近年、国内セリ市場は活況が続いており、1億円超の取引も増加している。2億円、3億円といった高額落札も、今や珍しくない。しかし、中央G1を制した馬の最高落札額は、ワールドプレミアの2億5920万円(税込)となっている。そこで今回は、2026年の活躍が期待できる高額取引馬を独断と偏見で5頭選び、年齢順に紹介する。[4/5ページ]
※取引額はすべて税込み表示
④ダノンアスコルティ(牝3歳、美浦・萩原清厩舎)
2024年セレクトセール:4億4000万円
2年前のセレクトセール1歳部門にて、牝馬として史上2番目の4億4000万円で取引されたダノンアスコルティも大きいところを勝つ素質を備えている。
“7冠馬”の父キタサンブラックは、これまでイクイノックスやクロワデュノール、ソールオリエンス、さらに障害G1ウイナーのエコロデュエルなどを輩出している。ただし、活躍馬は牡馬に偏っており、G1を勝利した牝馬はまだいない。
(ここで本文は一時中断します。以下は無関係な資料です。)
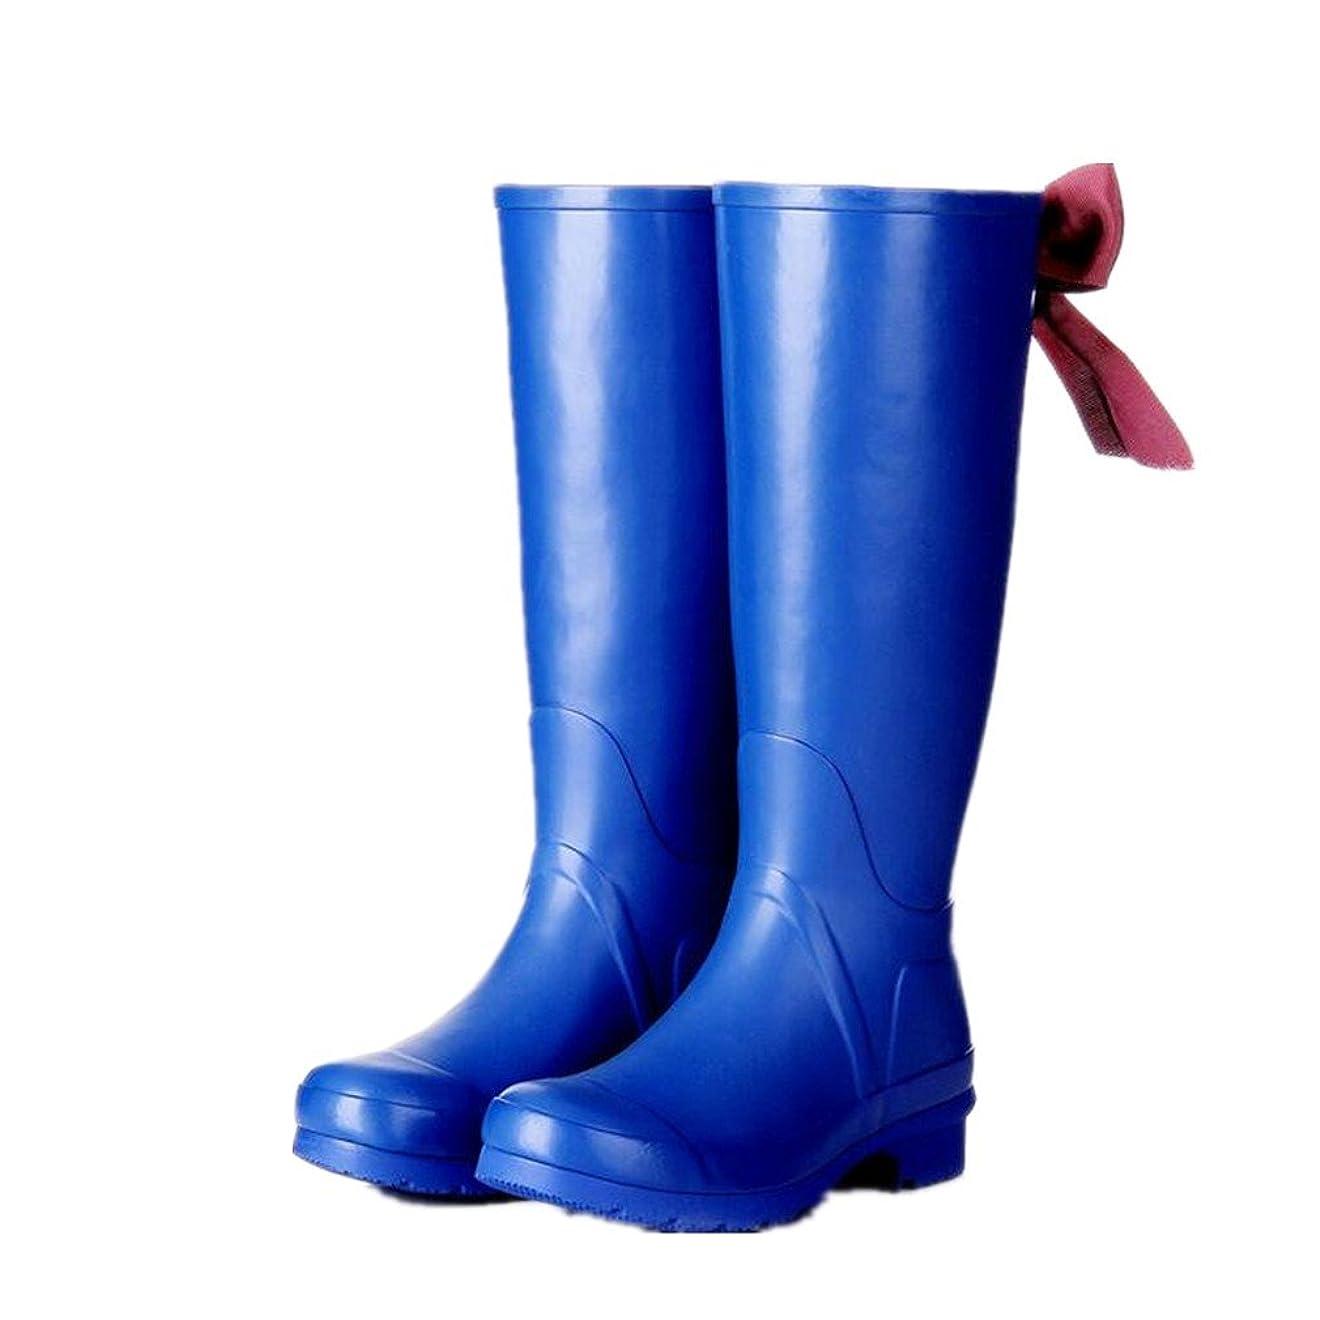 大学院汚す陪審MARIAH(マリア) 靴 雨 雨靴 長靴 シューズ レインシューズ ブーツ レインブーツ ロングブーツ レディース

それでもラヴェルが重賞を2勝しているほか、クリスマスパレードとアドマイヤマツリが牝馬限定重賞を1勝ずつ挙げている。さらにブラックチャリスが先日のフェアリーSを制し、牝馬クラシック戦線に名乗りを上げたところだ。
ダノンアスコルティは、そのブラックチャリスと同世代。半姉にG1を2勝しているアスコリピチェーノ(父ダイワメジャー)がいて、さらに全姉には4勝馬のアスコルティアーモがいる。
アスコリピチェーノはマイル以下、アスコルティアーモは1800mで勝利を挙げている。母系にやや距離不安もあるが、近親のタッチングスピーチやサトノルークスが中距離以上でも活躍しており、2000mの秋華賞あたりが現実的な目標となるか。
4億円ホースのダノンアスコルティは昨年末に中山芝1800mでデビューし、断然1番人気に推されたもののまさかの4着に敗れた。ただ、鞍上を務めたC.ルメール騎手は「これから良くなる」とコメントしており、巻き返すチャンスは十分あるだろう。
まずは次走でしっかり勝ち上がることが重要。それができれば、おのずと結果はついてくるはずだ。